## WHAT THIS TASK INVOLVES
Retype word for word the stretch of entries below from the line that has "Null Neoclassical school of the 19th century" through the line that has "and Rachel a&hellip;", and omit the pictures.

## DATA EXTRACT
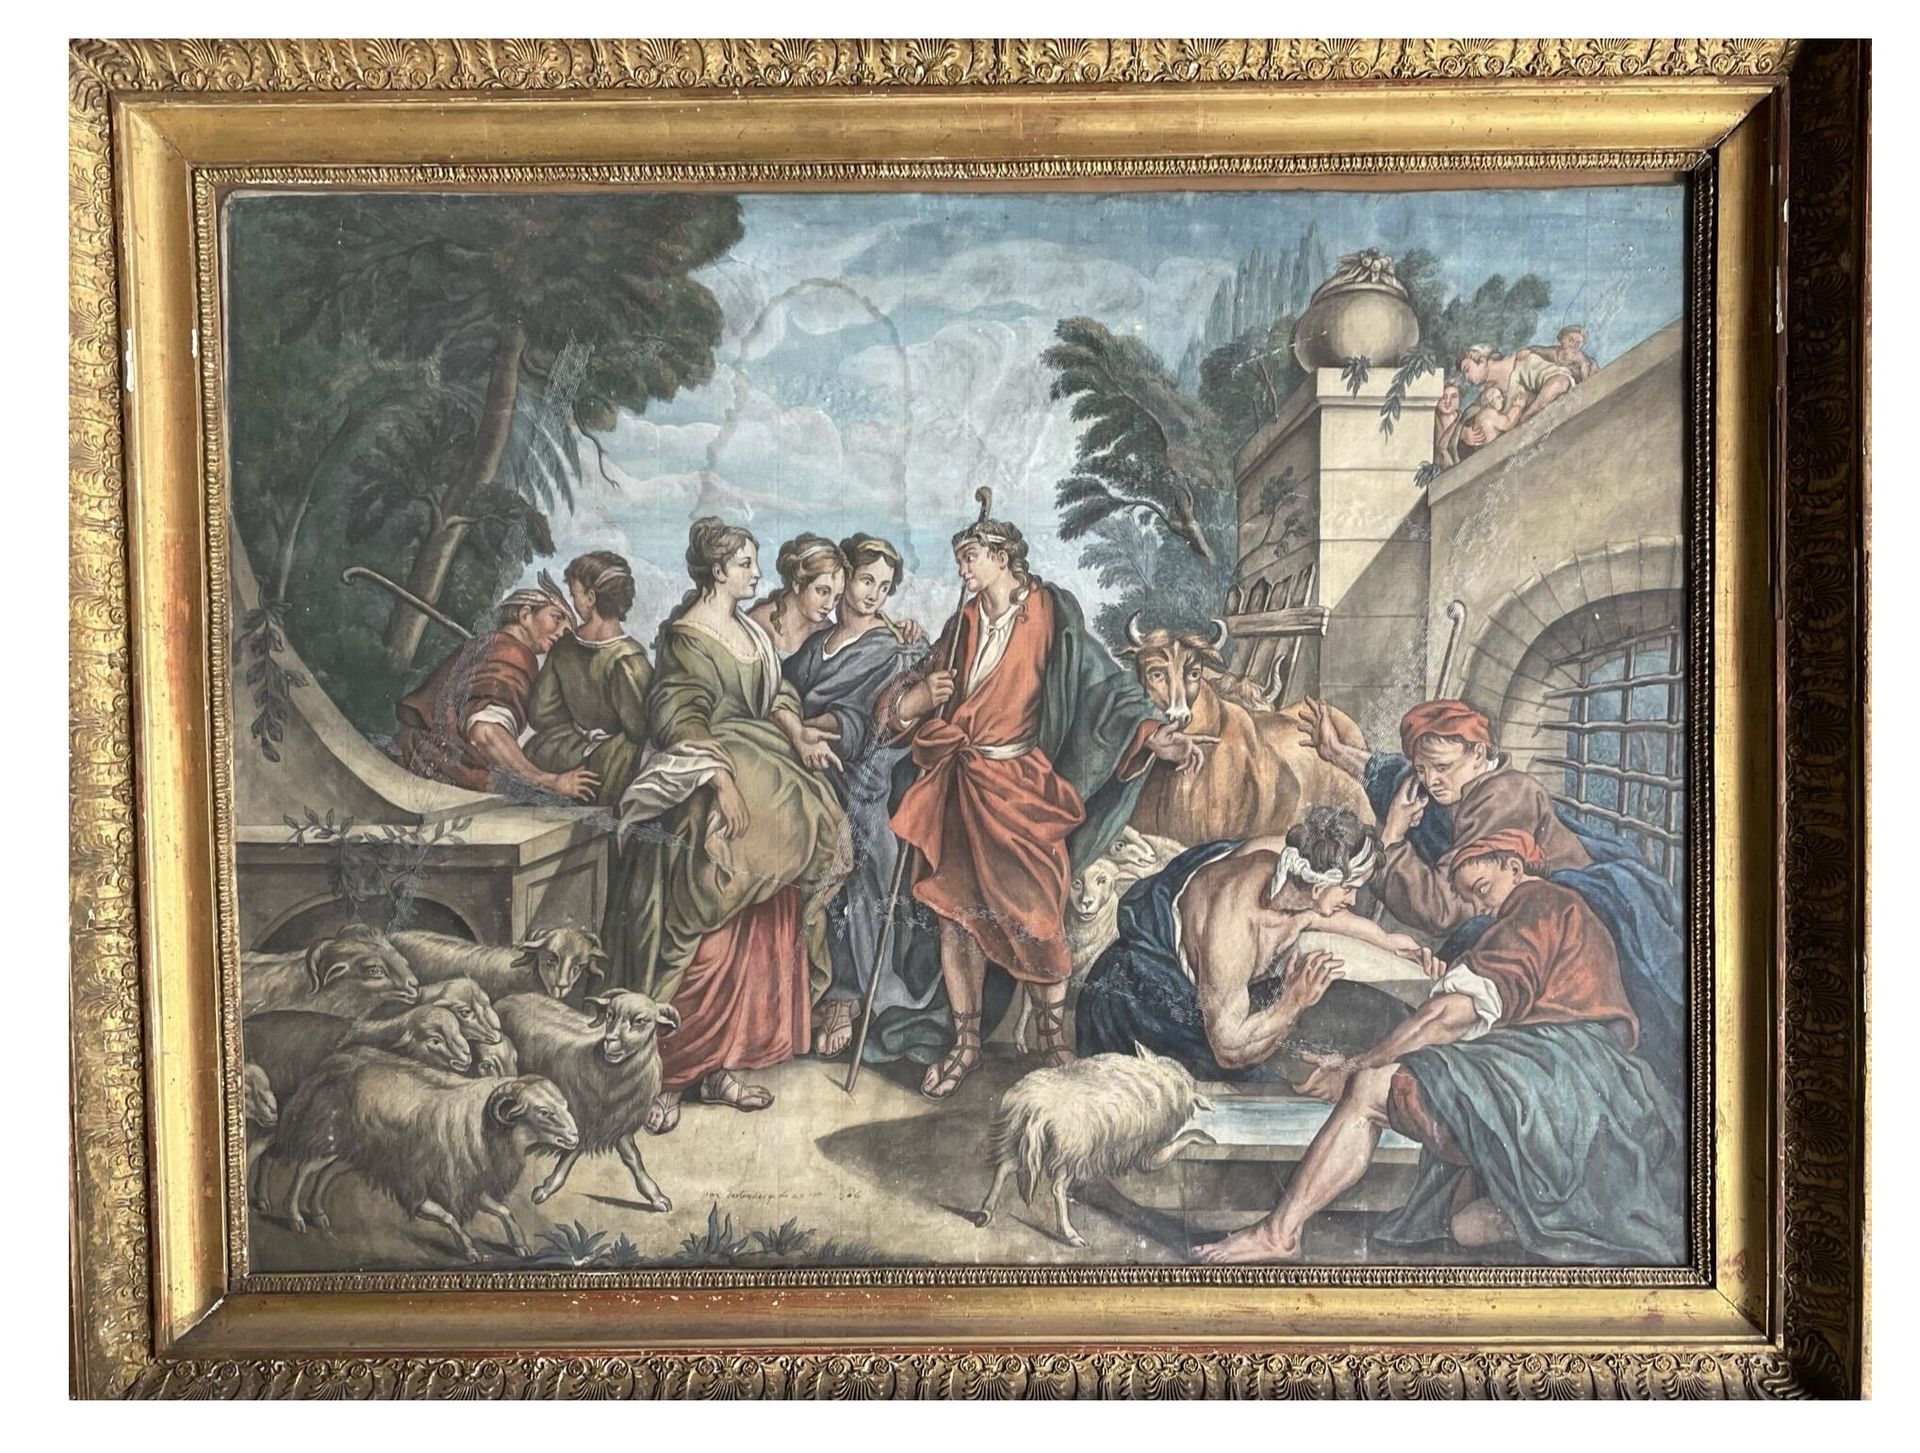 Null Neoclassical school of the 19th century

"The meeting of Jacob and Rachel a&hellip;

==

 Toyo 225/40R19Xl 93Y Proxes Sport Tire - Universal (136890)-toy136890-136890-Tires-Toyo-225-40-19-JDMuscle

* * *

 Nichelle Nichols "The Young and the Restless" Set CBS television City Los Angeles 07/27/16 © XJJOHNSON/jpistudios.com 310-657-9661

## EXERCISE ANSWER
 Null Neoclassical school of the 19th century

"The meeting of Jacob and Rachel a&hellip;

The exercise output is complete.